Towards automated deconvolution methods

Short description:

So we have this “magic” tool called deconvolution to separate mathematically what couldn’t be separated physically by chromatography. By deconvolution methods I refer here generically to all methods that separate mathematically the signal corresponding to each chemical compound in a separation system where partial coelution occurs. There is an inherent problem if you want to apply deconvolution methods for signal processing in chromatography. It is called automation. Although there has been a lot of development in deconvolution methods for the separation of the signal of compounds that partially coelute, the practical application of these methods shows the problem that the user should take decisions every time deconvolution technique is applied to a peak cluster. This is not a problem if you have a couple of peak clusters to be deconvolved… but what about the (usual) case of having hundreds, or even thousands of peak clusters?. If the software prompts the user for a decision at every peak cluster, the method is obviously not practical.

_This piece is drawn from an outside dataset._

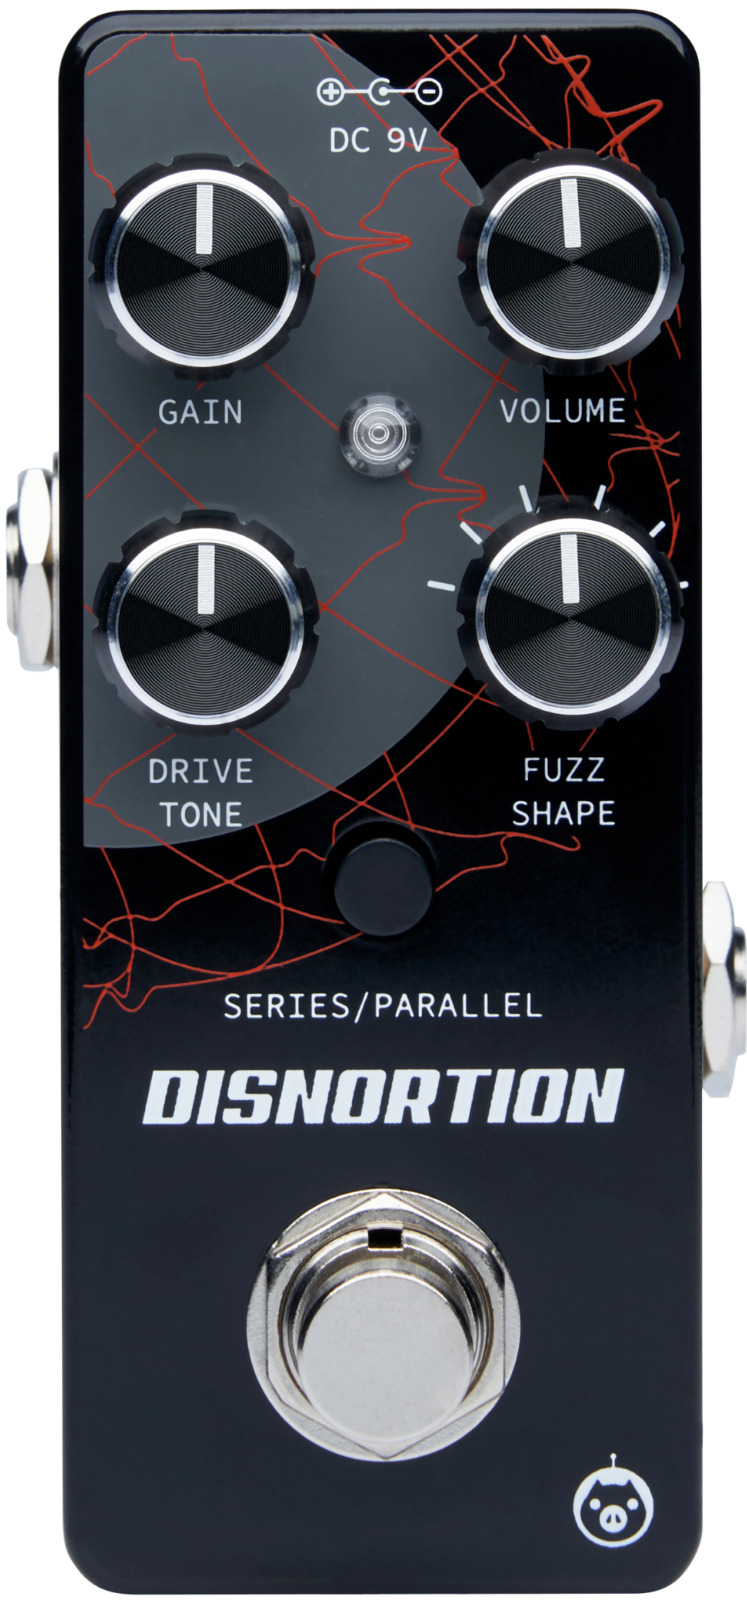 New Pigtronix Disnortion Distortion Effects Pedals Black, Fuzz Overdrive NIB

When going into the process of automated deconvolution, there is normally one critical decision that the user has to make, which is deciding the number of components that are coeluting. This is a key step, which will influence critically the deconvolution results. And this step is difficult to automate.

In our research studies we came across with two different solutions. The first one takes information of what is called autocorrelation. Autocorrelation accounts for the amount of signal at point i that can be explained as a function of the signal found at point i-1. The higher the autocorrelation, the less noisy the signal appears, and the more information may contain. It happens that, when more and more components are added into the deconvolution model, the residuals of the model (i.e. what is left after modelling) change their structure. When the just number of components are included, the residuals show a sudden decrease in their autocorrelation. This sudden decrease has been used to automate the decision of the number of compounds coeluting in HPLC-DAD chromatograms. Please, refer to publication [24a] for more info.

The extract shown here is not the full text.